Seriously, there's just so much. Go read it.


Parenting

I've become convinced that most parenting experts have a child like my second one. She started sleeping through the night at six weeks (I know, a unicorn child). She got herself on a schedule that worked for the whole family, not taking naps at inconvenient times for school pickup. She's strong-willed and likes things just so, but she's also pretty quick to get out of any ill temper and she can be reasoned with or we can do some small compromises. She happily plays by herself.

Then there's my older child. Two of my brothers are fonts of virtually limitless patience, and she has pushed them both to the point of anger. My aunt, also the soul of patience with children, once told me, "That child is a demon!" which I still think about and laugh. So I came across the book Raising Your Spirited Child and fell in love. It is for anyone who's got a kid that's just a bit harder. A bit more. More rambunctions, more sensitive, more inquisitive, more tenacious and determined. I cried several times while reading it because I finally found a parenting book that talks about my older child. It confirms I'm not crazy! When I think that other parents just don't have it as hard, I'm not wrong! Most people don't have a kid who checks so many of these boxes. I need to buy this book for myself and keep it on my bedside table. Because it's not about how to mold or change your child, it's about how to change your thinking and to work with your child's specific needs. It reframes your thinking so that you see the positives of all their traits, when it can be so easy to get bogged down in the negatives. Instead of saying that my child is f***ing stubborn and driving me crazy! I can instead think that she's very, very determined, so how do I help us to both get what we need?

Another Leigh Bardugo book.
Read this one too.
Parenting is a work in progress, always. One of my brothers said that he wasn't sure if my older child was sent to be my early death or to teach me patience. I'm working on the latter of those two, for both our sakes.

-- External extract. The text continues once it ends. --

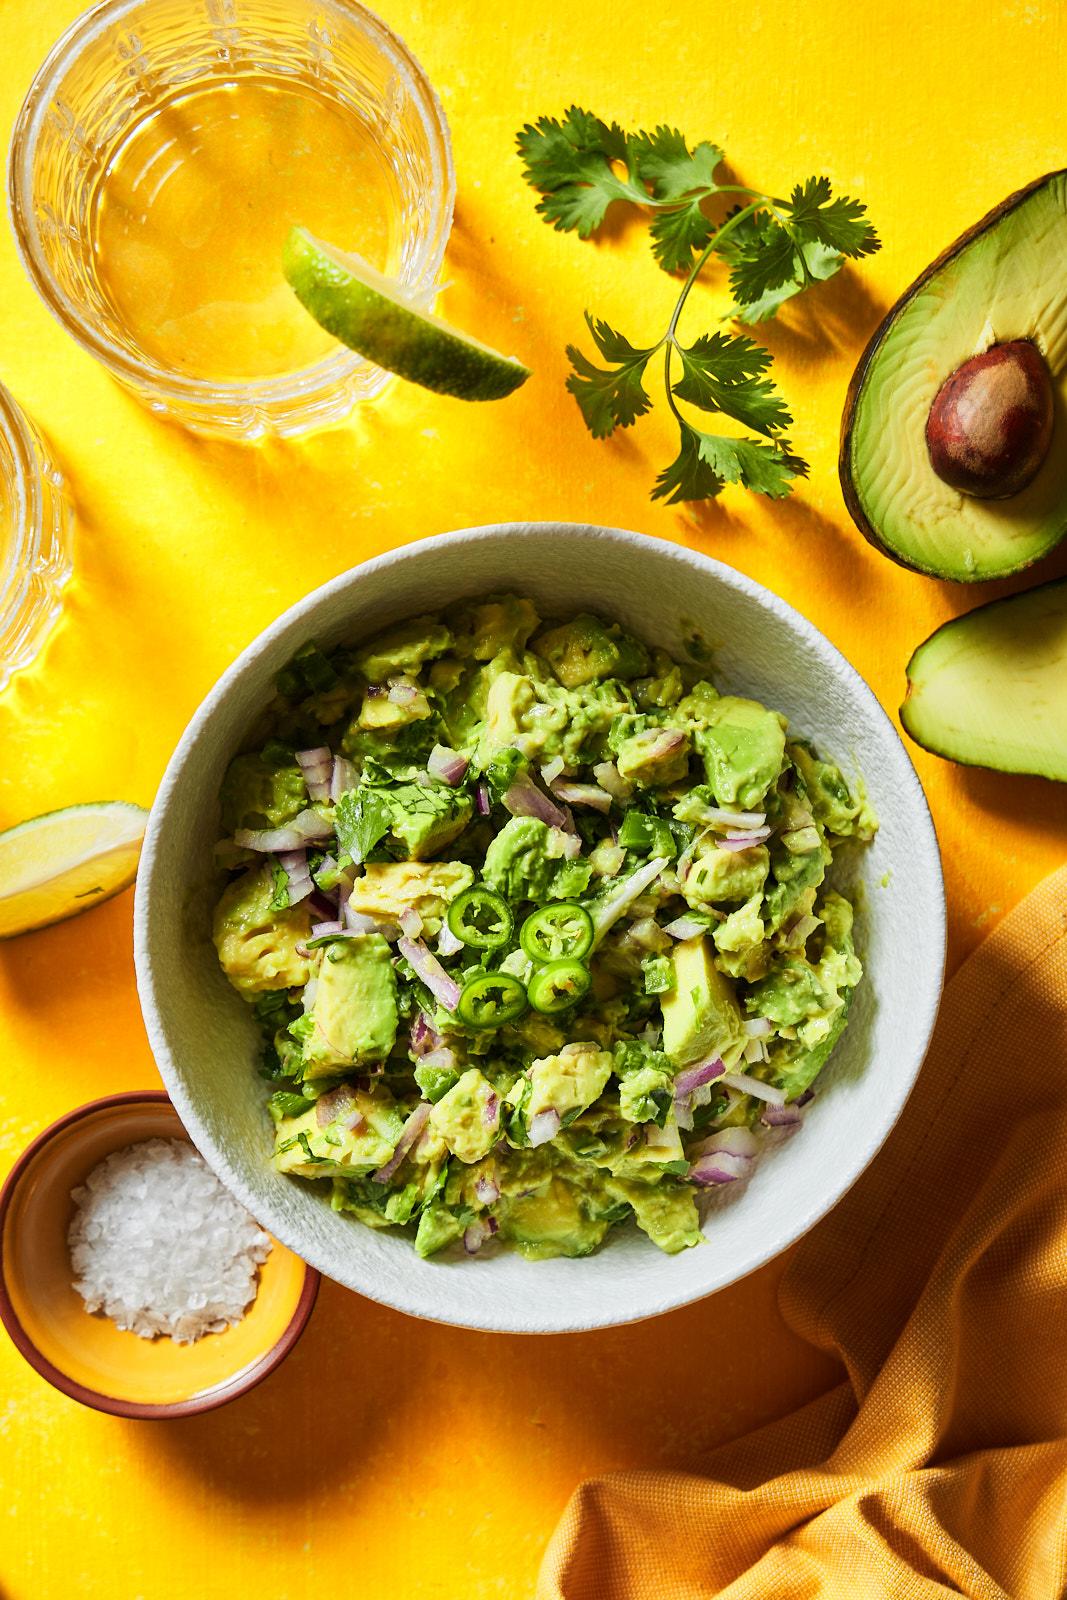 Classic homemade guacamole

My current read is Ninth House by Leigh Bardugo. Since I've loved all of her previous books I'm going to go ahead and pre-recommend this, especially if you love fantasy.

There have been so many books that I've read over the last three years. Nearly 200, according to my reading list. Most of them have been really good, these just happen to be my favorites. I'm sure some of the others are great but maybe I didn't read them at the right time, so they weren't my favorites. My reading list might not be for you, or the books I loved might not be right for you. It is what it is. I hope you can find at least one that you fall in love with.